If an organization uses AI in production, it should assume that attackers will probe it. That means indirect prompt injection needs to be part of normal security testing.

Red-team exercises should include:

  • poisoned webpages

  • malicious documents

  • hidden text payloads

  • encoded instructions

  • role-based jailbreak attempts

  • and workflows that try to trick the model into leaking data or taking unintended actions

Testing should also focus on full pipelines, not just the model in isolation. A system may appear safe in a lab but fail once browsing, rendering, tool use, or automation is introduced.

9. Reduce trust in third-party and open web content

Many AI workflows are built on the assumption that public content is mostly benign. That assumption is becoming less safe.

Organizations should treat public web content the way they treat any other untrusted input. The fact that a page appears in search results or looks professional does not mean it is safe for an AI agent to consume. The rise of hidden prompts, scam pages, manipulative SEO content, and AI-targeted payloads means the open web is now part of the threat surface for AI systems.

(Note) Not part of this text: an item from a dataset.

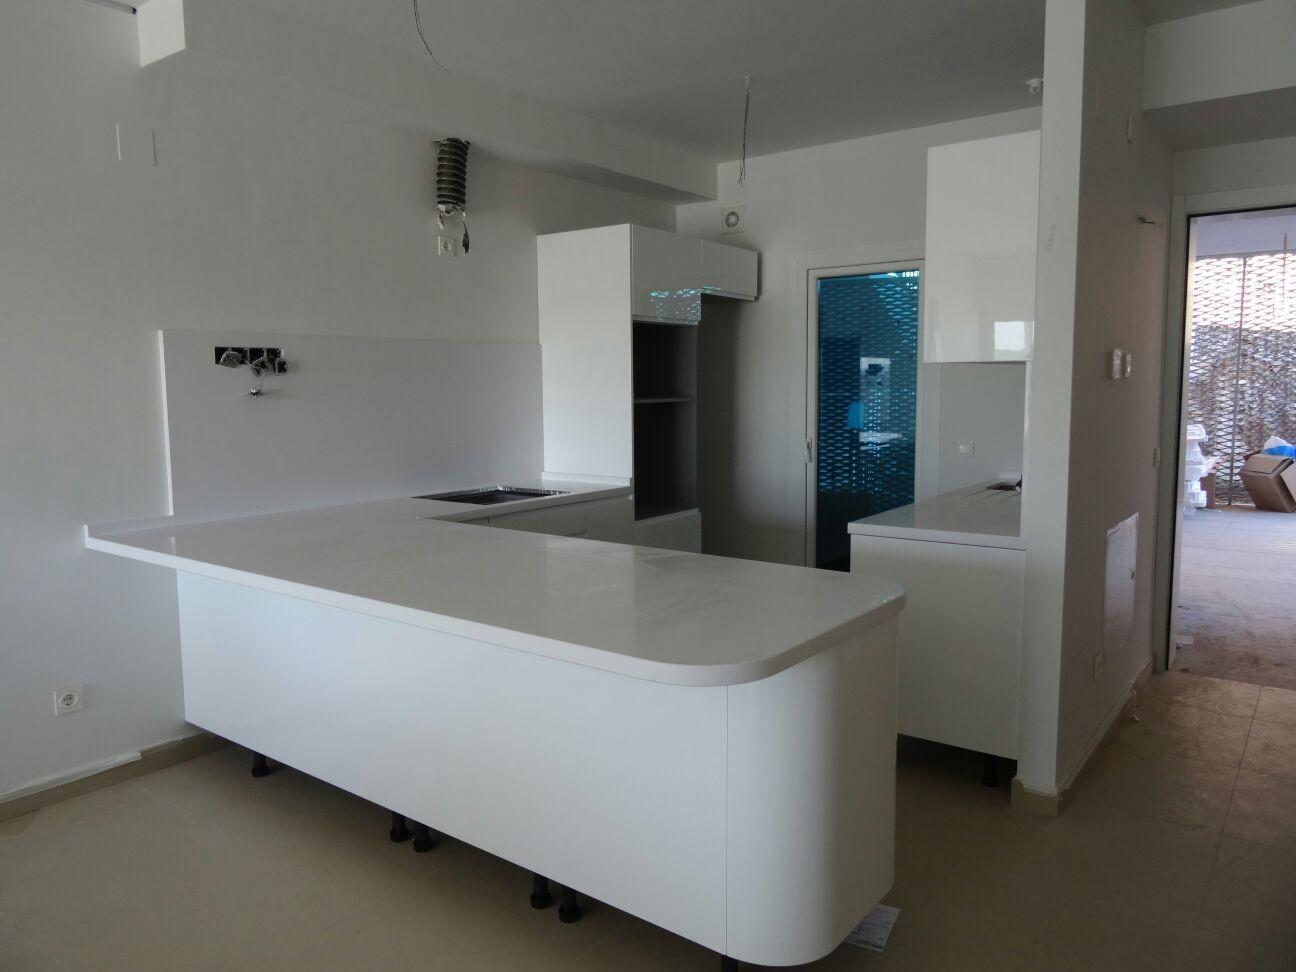 2 Bed Apartment in Benalmadena

For consumers, the lesson is similar. If an AI assistant recommends a payment action, a subscription, or a website based on external content, it is worth pausing and checking the source manually before acting.

What organizations should do now

For companies using AI agents or LLM-powered workflows, the practical response is clear. They should review where external content enters their systems, what permissions their models have, and what would happen if a malicious page successfully influenced the output.

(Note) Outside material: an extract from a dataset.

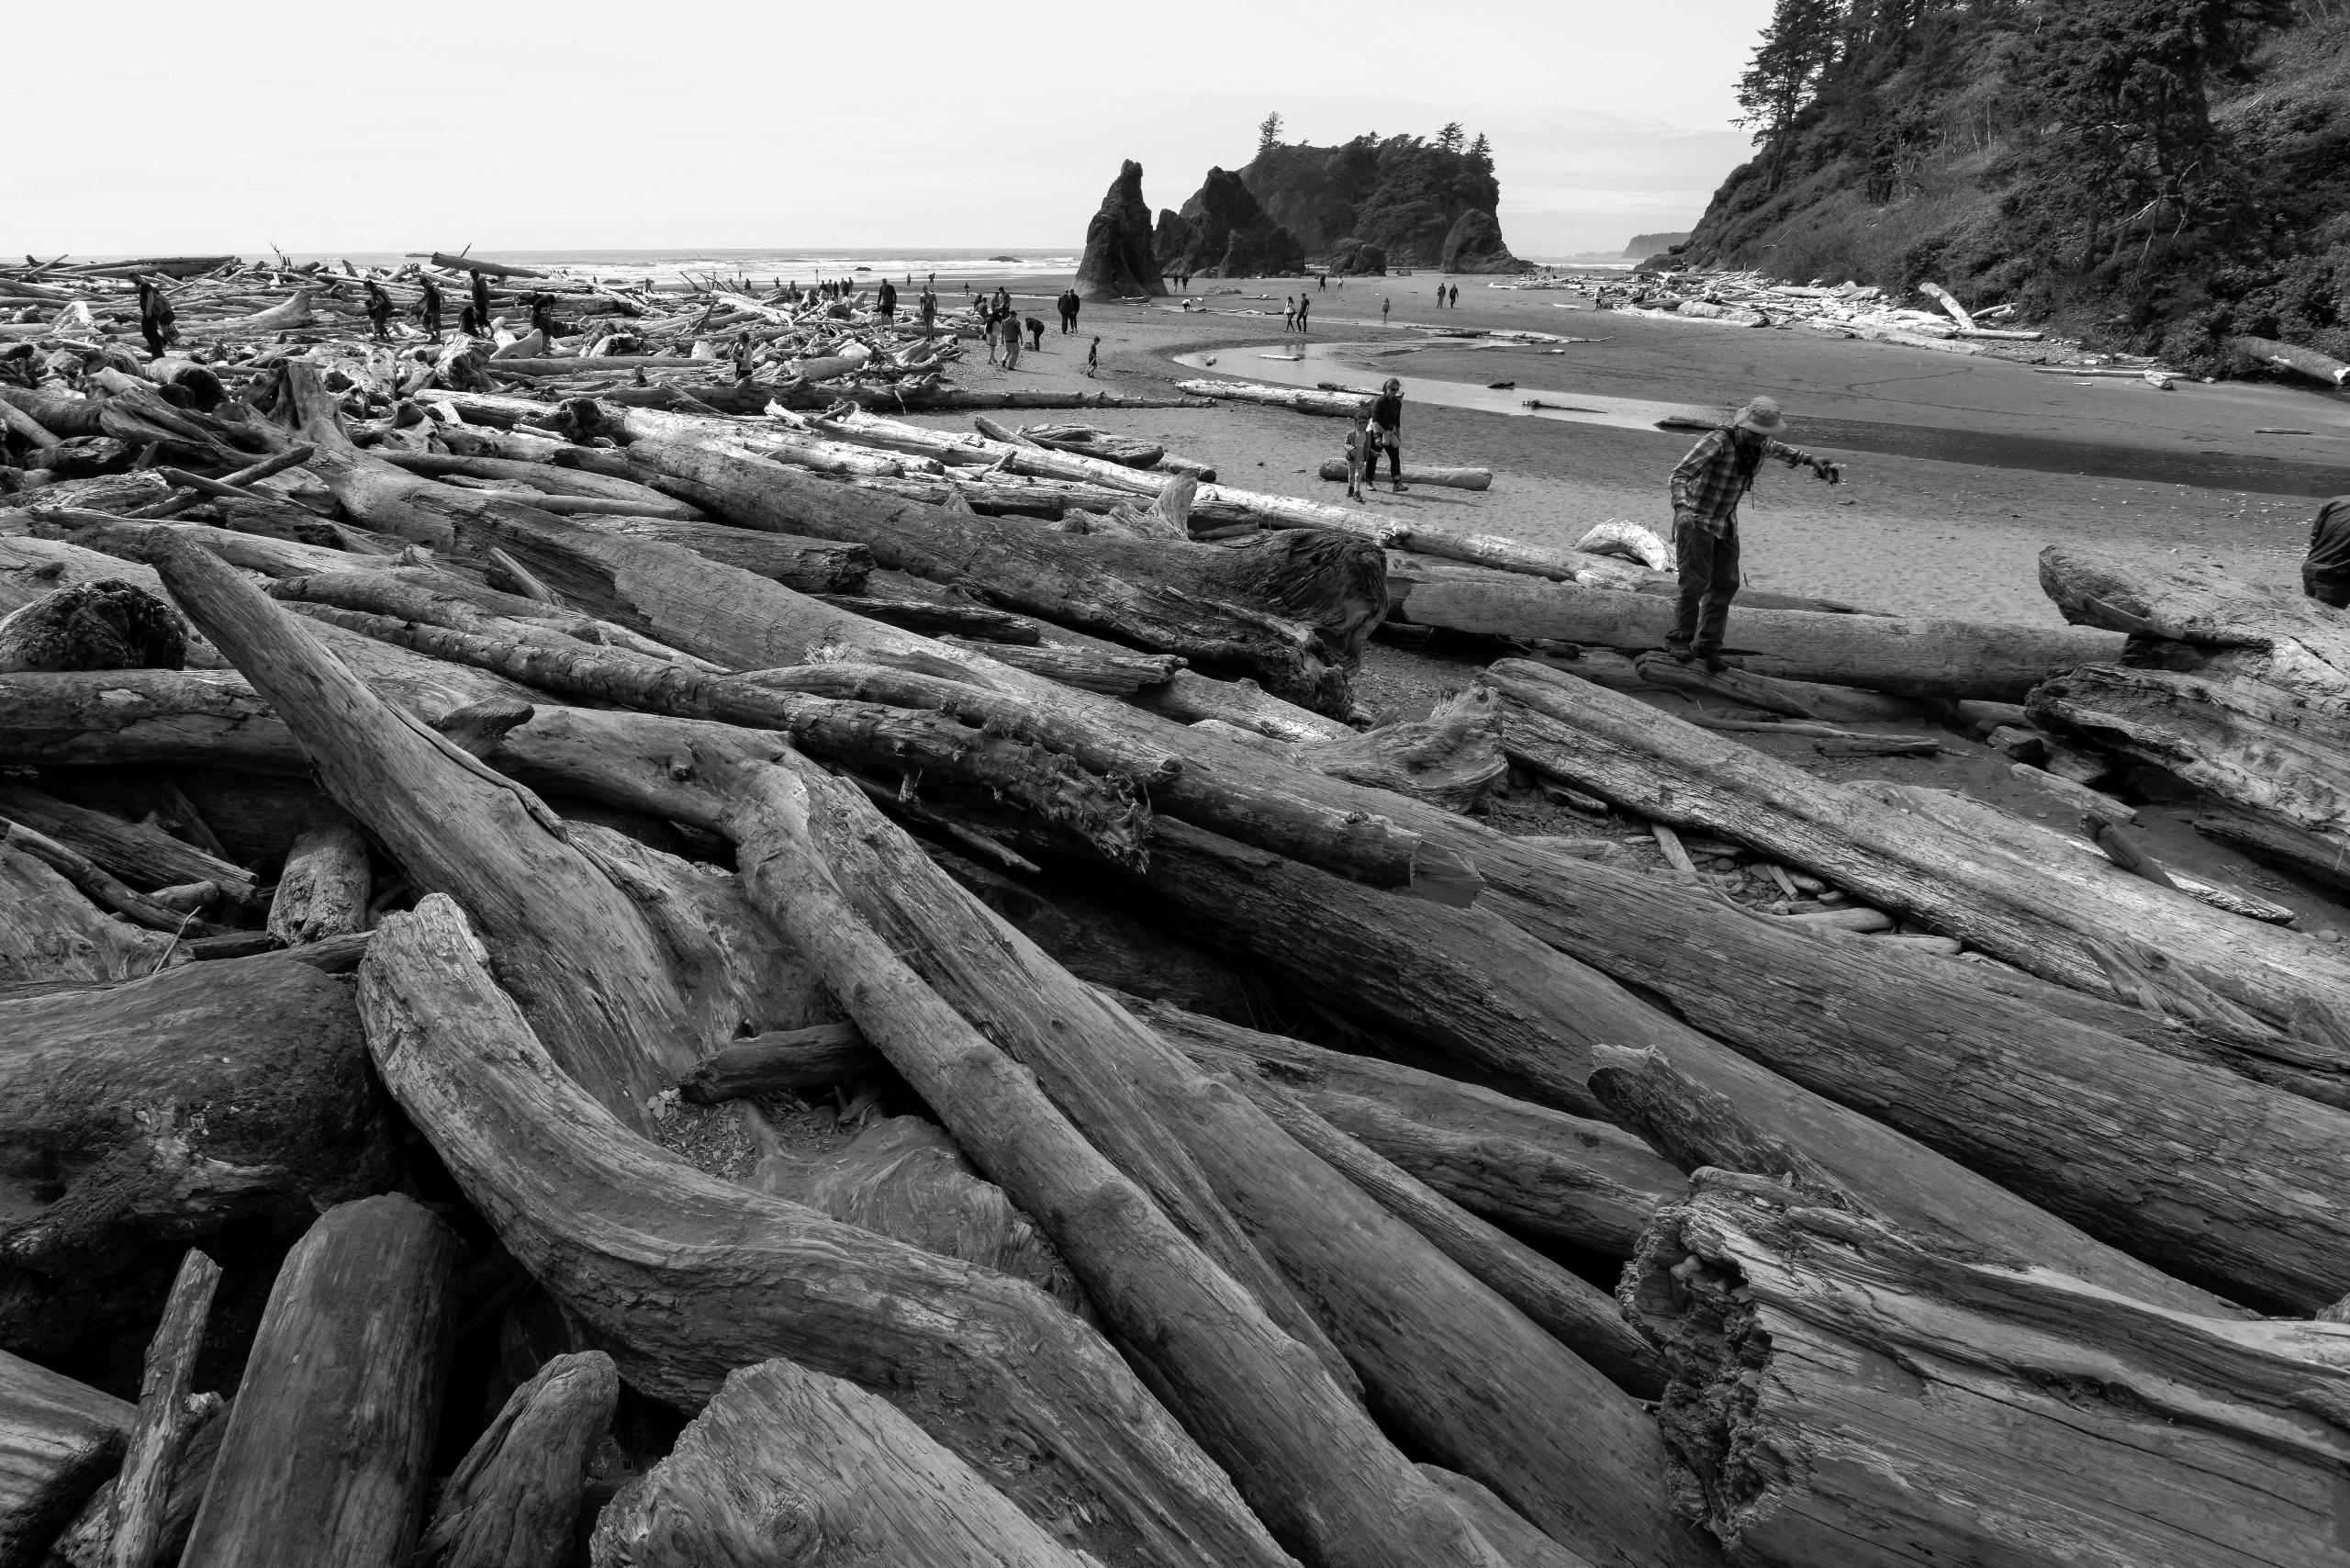 Beach - Ruby, Washington, nature - usnrmustang | ello

A mature strategy should include:

  • strict separation of trusted instructions and untrusted content

  • limited permissions for AI tools and agents

  • human approval for high-risk actions

  • preprocessing and sanitization of external content

  • runtime monitoring and anomaly detection

  • and regular adversarial testing

This is not just about preventing embarrassing outputs. It is about preventing data leaks, fraudulent actions, unsafe approvals, and loss of control over automated workflows.

Conclusion

Indirect prompt injection is dangerous because it exploits one of the core strengths of AI systems: their ability to interpret natural language from almost any source. That same flexibility can become a weakness when hostile instructions are hidden inside content the model is supposed to read.

The right response is not panic, but discipline. Organizations should assume that any external content may contain manipulative instructions and build their AI systems accordingly. Security for AI agents is not just about making models smarter. It is about making the systems around them more controlled, more observable, and harder to misuse.

Source: This article is based primarily on Fooling AI Agents: Web-Based Indirect Prompt Injection Observed in the Wild by Palo Alto Networks Unit 42.

FAQ

1. What is the single most important defense against indirect prompt injection?
The most important defense is to clearly separate trusted system instructions from untrusted external content, so the model treats outside material as data to analyze rather than commands to follow.

2. Can indirect prompt injection be solved by a stronger system prompt alone?
No. Better prompts help, but they are not enough on their own. Effective protection requires layered controls such as limited permissions, content sanitization, monitoring, and human review for sensitive actions.

3. Why is least privilege important for AI agents?
Because the impact of an attack depends heavily on what the model is allowed to do. A compromised summarizer is far less dangerous than a compromised agent that can approve ads, access data, or trigger transactions.

4. What should consumers do if they use AI assistants that browse or recommend sites?
They should treat high-stakes recommendations carefully, especially when money, logins, subscriptions, or downloads are involved, and verify important actions manually before proceeding.